CS246 Homework 5b: Unix Utilities
Due: Wednesday, March 21
Things to note:
- This is an individual assignment
What to hand in:
- Paper print out of answers/explanations and results (for the sake of trees, print out only the top 50 or so for question 3)
- Electronic text file consisting of Unix commands (the ones you used to obtain the results), copied to /home/dxu/submissions/cs246
The magic of utilities and pipes [50pts]
Based on the baby names data files, find the appropriate combinations of Unix utilty programs to answer the following questions. Only unix commands, pipes and redirections are allowed. No shell scripts or C programs. For each question, record what commands you used to get the answer.
- Find top 25 female names of 2010
- Find bottom 25 male names of 2010
- Find all female names used from 1900-2010, sorted alphabetically, with no repeats
- How many were there in question 3?
- Find all unique male variations on the name "John"

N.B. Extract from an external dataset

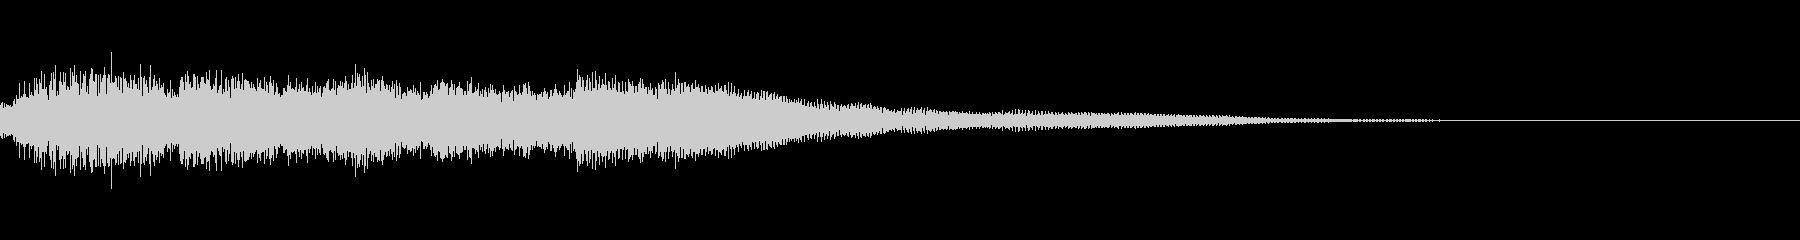 ロゴの昇順の未再生の波形
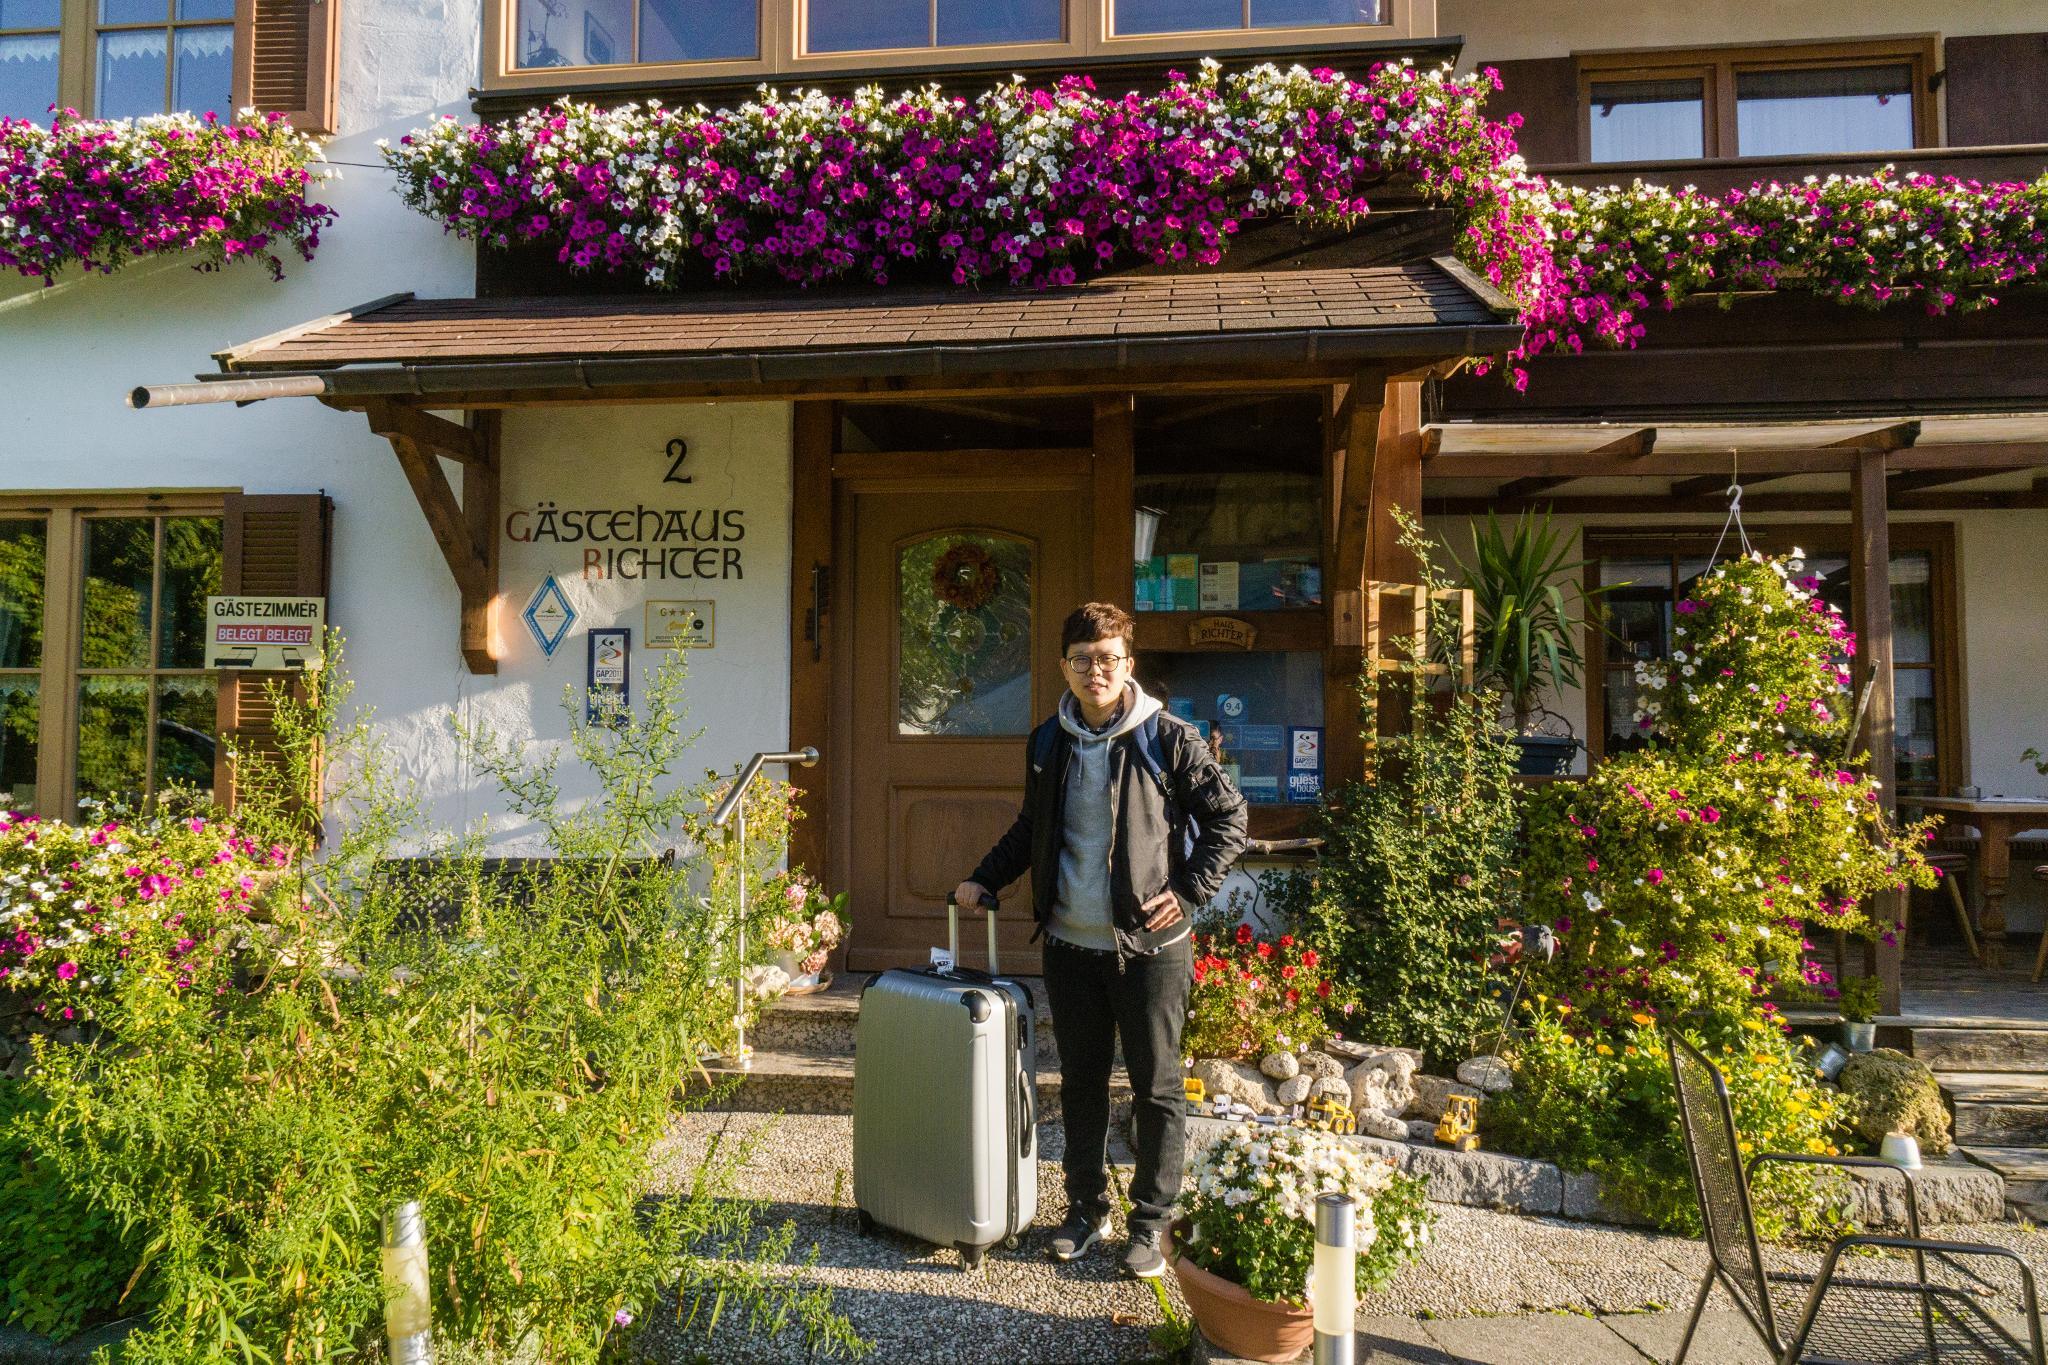 【德國】 阿爾卑斯大道 - 上阿瑪高小鎮 (Oberammergau) 13

- Find all unique female variations on the name "John"
- Find all unique variations on the name "John", male and female. Can you do this with one command line (i.e. just one return)? Can you do this without storing intermediate results?
- Find all female/male names that start with the first letter of your name and end with the last letter of your name (1900-2010).
- How many babies have the same name as you (pick a name to match if yours isn't in the files) in the last decade (2000-2009)?
- Find the total number of female babies contributing to these statistics files (1900-2010) (you might want to check the Unix utility gawk)
- Find the total number of unique male names (1900-2010).
- Find top 25 males names used from 1900-2010. Can this be done easily with Unix utility programs alone? Why and why not?